Uomini che odiano i racconti

by Angelo Orlando Meloni

Enrico Remmert ha scritto Rossenotti, La ballata delle canaglie, Strade bianche, tre romanzi pubblicati da Marsilio. Un autore maturo, baciato dal successo, tradotto all’estero, di tutto rispetto. E poi, però, cosa ci combina il Remmert? Ci casca anche lui e ci propina La guerra dei murazzi, nientemeno che una raccolta di… di racconti. Sissignore! Immaginiamo già la faccia del suo editore una volta avuta la notizia. E quella del distributore. Per non parlare di quelle dei librai e per ultime quelle dei lettori, sospese tra l’incredulità e il furore che le invade ogni qual volta un libraio che non sa fare il suo mestiere osa proporre una raccolta. Ma come osano questi mattoidi? Non hanno capito che scrivere racconti oggidì è un suicidio? Figuriamoci cercare di venderli, non parliamo nemmeno di provare a leggerli. Guardiamoci in giro e ammettiamolo, amici, chi legge ancora racconti nel 2017? Giusto qualche disadattato, qualche nostalgico utopista con la bandiera rossa, i capelli lunghi e l’infradito anche d’inverno, convinto che un mondo diverso è possibile. Tutta roba passata, finita, centrifugata e digerita dal Grande Generatore di Luoghi Comuni che informa usi e costumi del XXI secolo. Pensate forse che io stia pazziando? Che sia un provincialotto in vena di facezie? Riponete pure sul vostro comodino di design la raccolta di racconti ultrapostmegamoderni senza finale scritti in centoquindicesima persona con cui vi state gingillando e fatevi un giro per fiere e librerie. Sono sicuro che vi ricrederete. Gli uomini che odiano i racconti sono tanti, tantissimi, probabilmente la maggioranza di quella minoranza di gianfanniente che, ogni tanto, si ostina a leggere qualcosa.

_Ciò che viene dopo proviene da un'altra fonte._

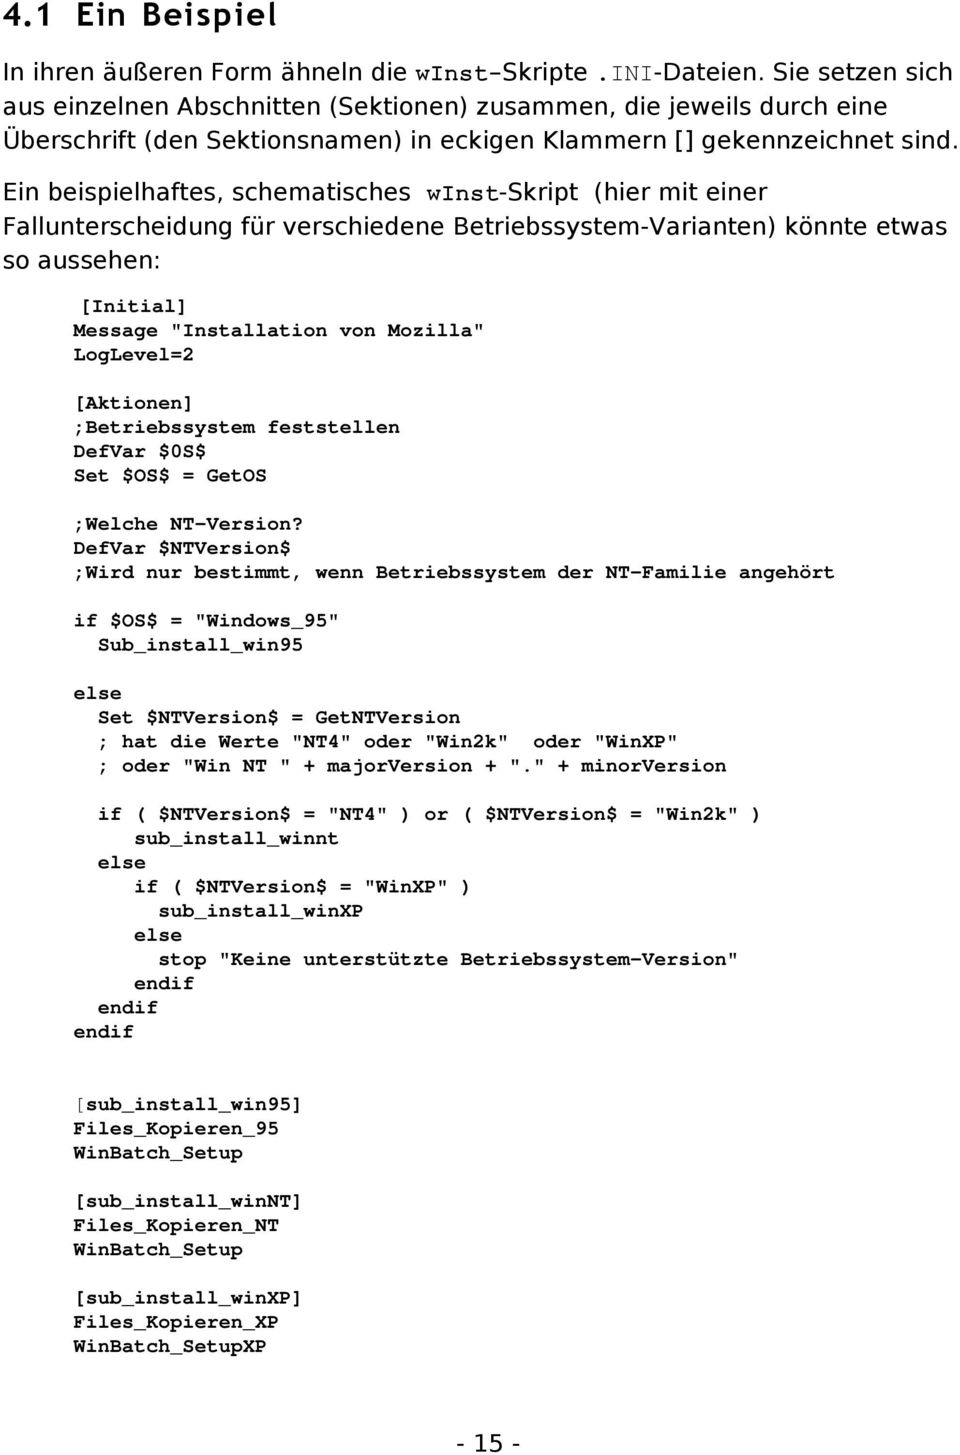 Ein beispielhaftes, schematisches winst-skript (hier mit einer Fallunterscheidung für verschiedene Betriebssystem-Varianten) könnte etwas so aussehen: [Initial] Message "Installation von Mozilla"

Il primo di questi racconti (a proposito: mi rivolgo ai due o tre ancora interessati a La guerra dei Murazzi dopo questa mia tiritera) ci racconta la storia alcolico-lirica dei Murazzi a Torino, sospesa tra spaccato di vita cittadina e beat-romanticheria-effusiv-qualcosa. Non male, decisamente non male. Il secondo, “Otto progetti per la costruzione di una nuvola”, nel segno della grazia e dell’arguzia, dell’incontro con un giapponese magico. Figo. Il terzo, “Havana 3 a. m.”, d’un viaggio a Cuba alla scoperta di Cuba, com’è davvero, ma anche come la sognano i personaggi e con loro i lettori; non un viaggio alla scoperta del sé e nemmeno una di quelle cose in cui la meta non è importante eccetera, ma proprio un viaggio-viaggio in un posto lontano eppure immaginato e vagheggiato, un’avventura esotica, ma ai giorni nostri. Molto, molto gustoso. Infine l’ultimo, “Baal”, la storia di un cane mostruosamente feroce, della natura che lo circonda, che ci circonda tutti, maestosa e silente testimone dei nostri fallimenti, delle nostre fughe, della nostra crudeltà e anche della nostra rinascita, quando ce la facciamo, il che non accade proprio tutti i giorni. Com’è questo racconto? Bello bello bello e bellissimo. Ecco, l’ho detto. Buona lettura.